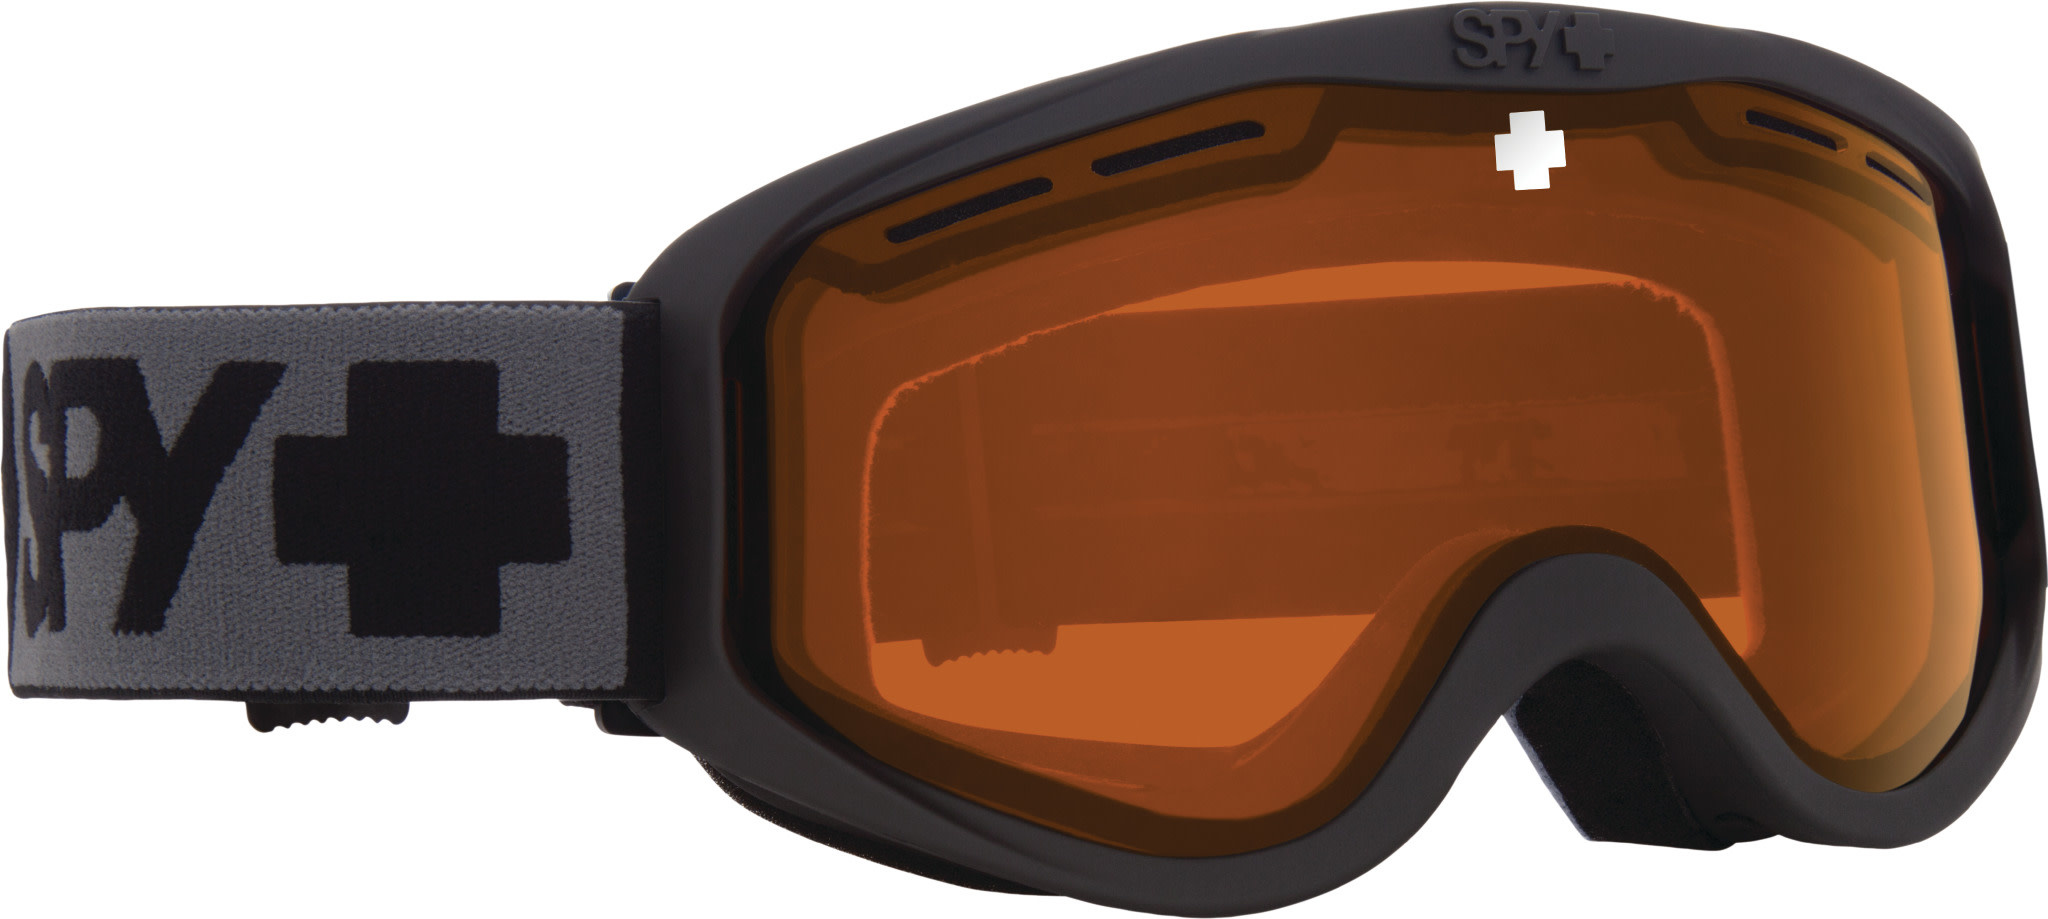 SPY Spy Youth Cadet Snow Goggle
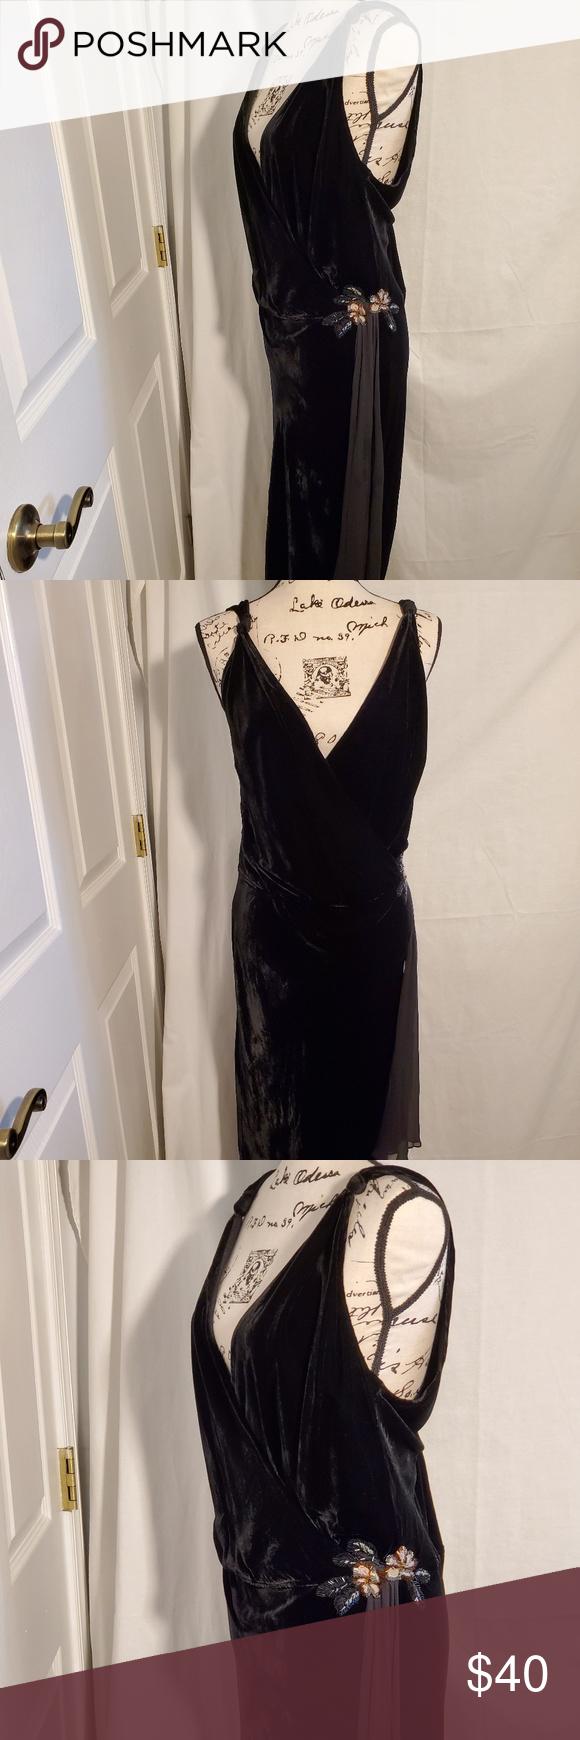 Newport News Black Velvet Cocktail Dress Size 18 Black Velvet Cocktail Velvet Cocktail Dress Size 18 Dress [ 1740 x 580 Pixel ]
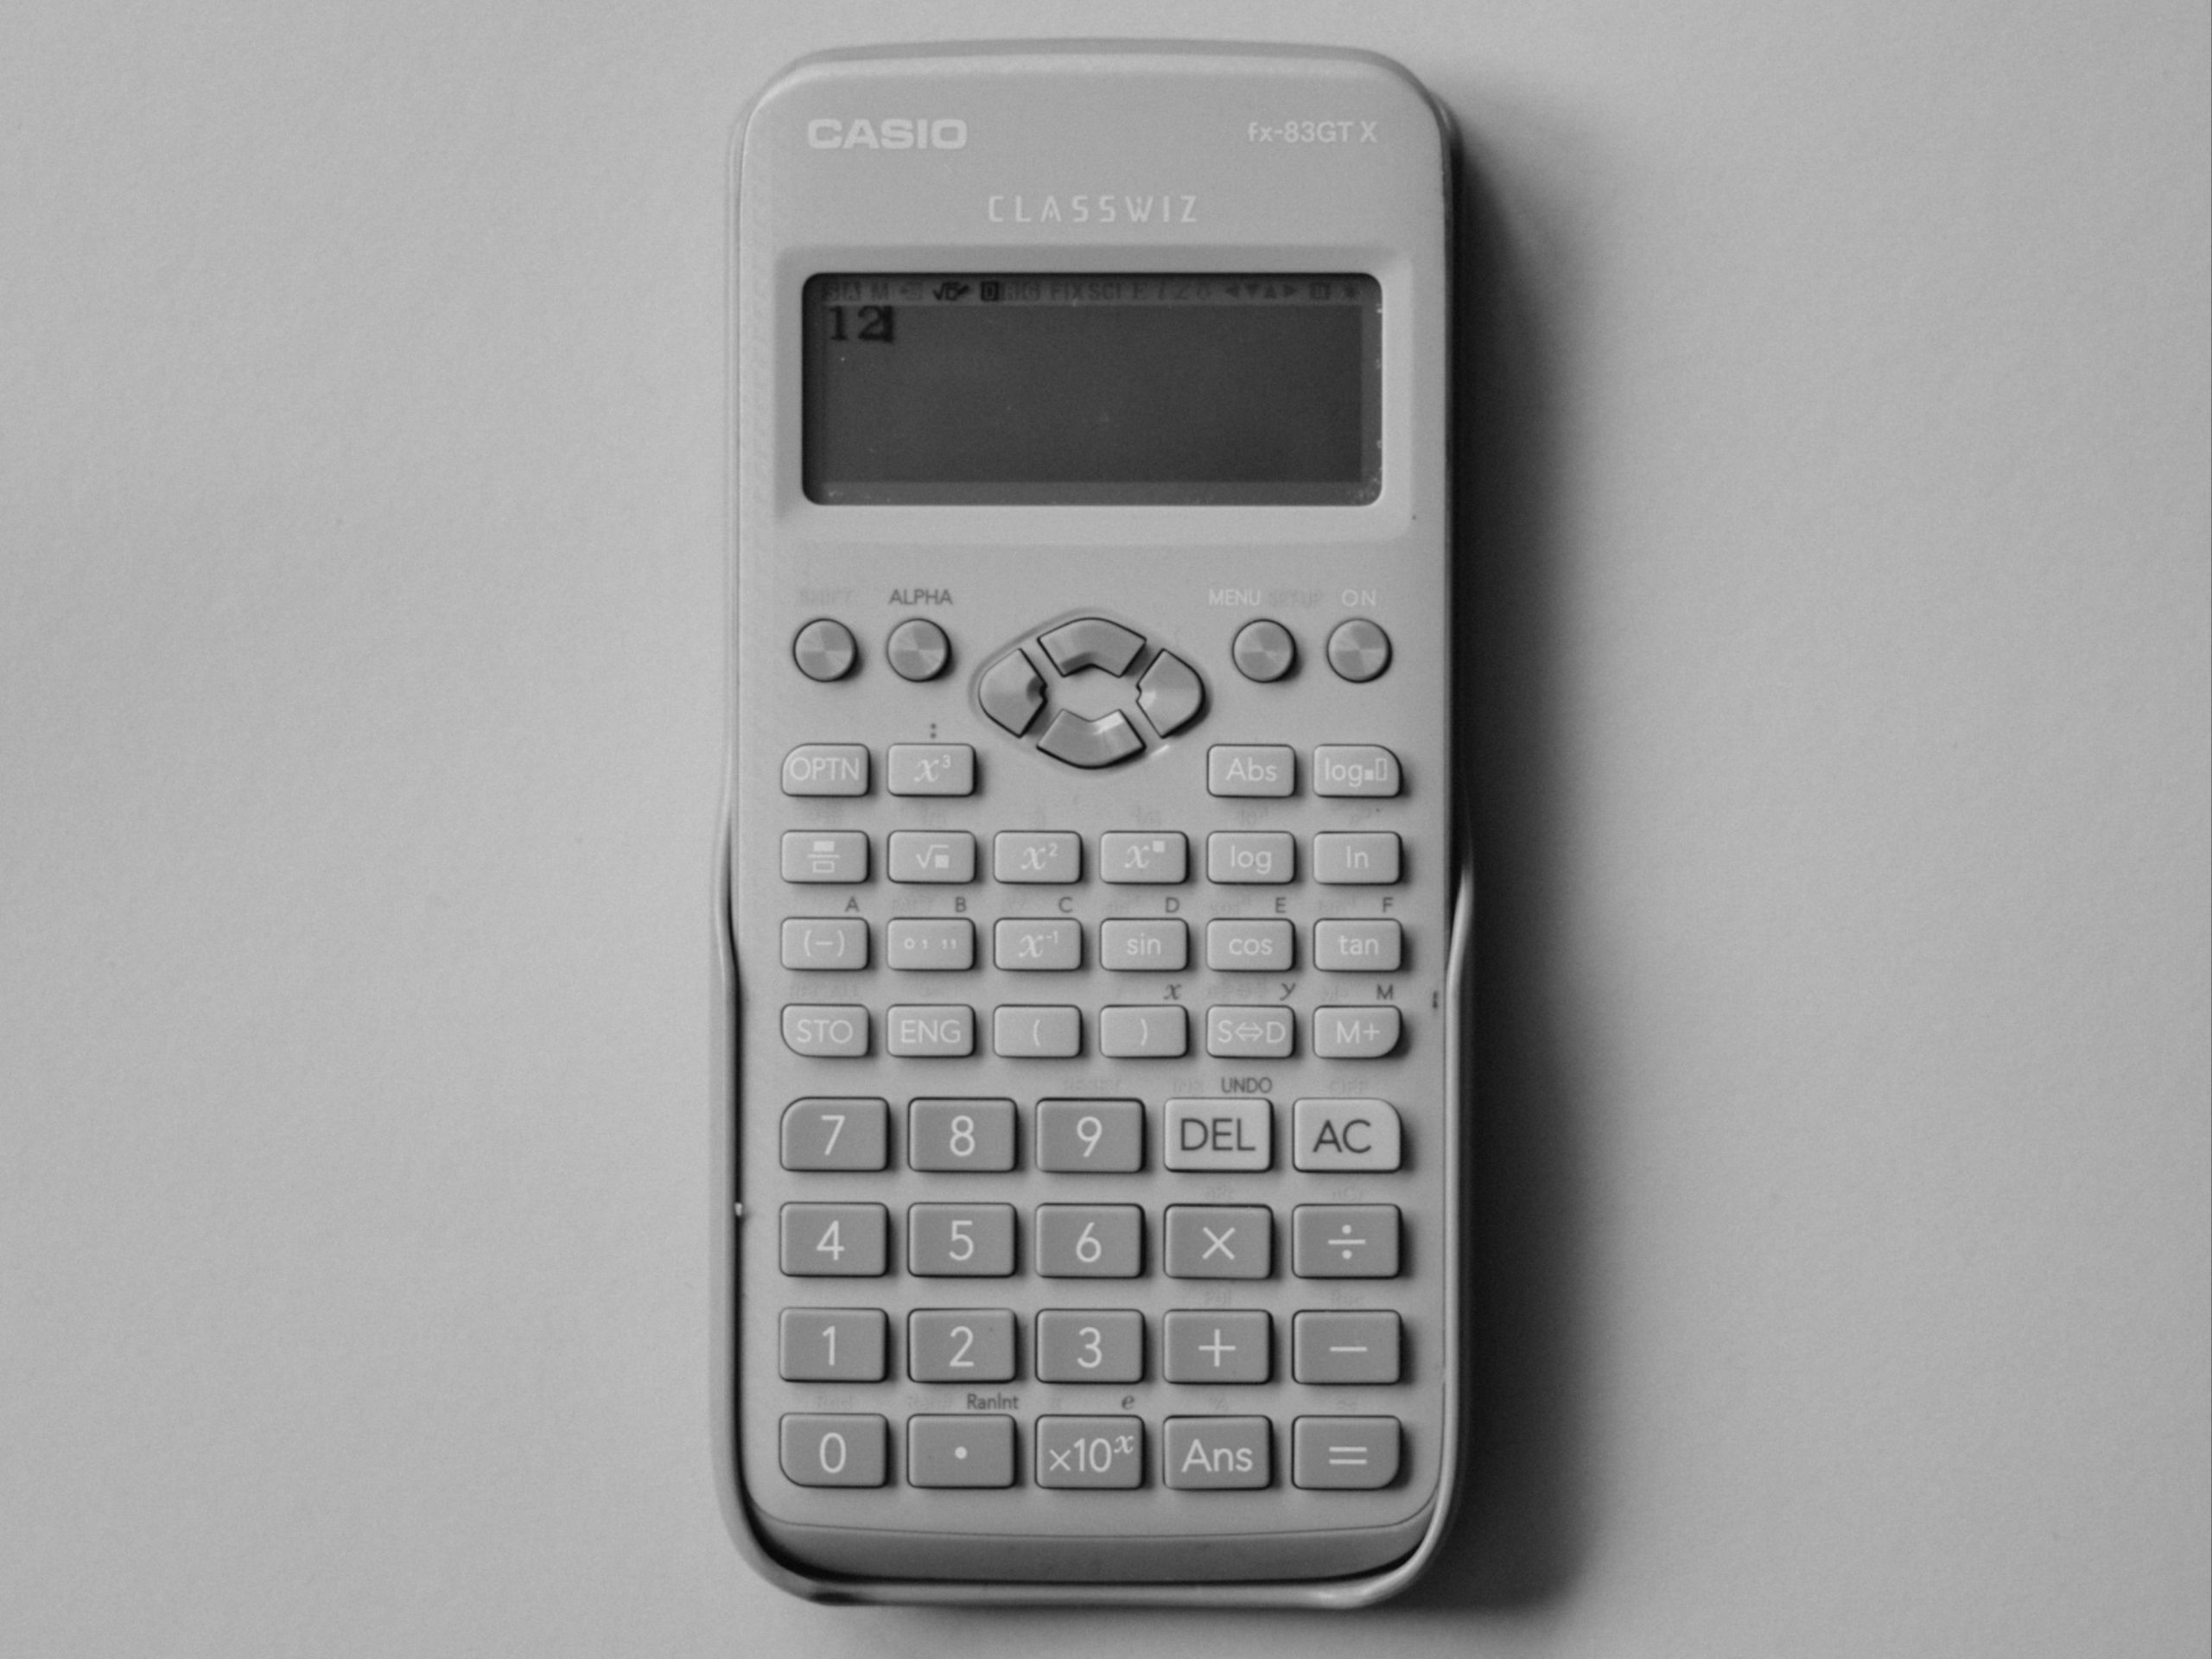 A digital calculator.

******************************

Since the pictures are not wanted, transcribe the rest of the listing above exactly.

 SPY Spy Youth Cadet Snow Goggle
 Newport News Black Velvet Cocktail Dress Size 18 Black Velvet Cocktail Velvet Cocktail Dress Size 18 Dress [ 1740 x 580 Pixel ]
 A digital calculator.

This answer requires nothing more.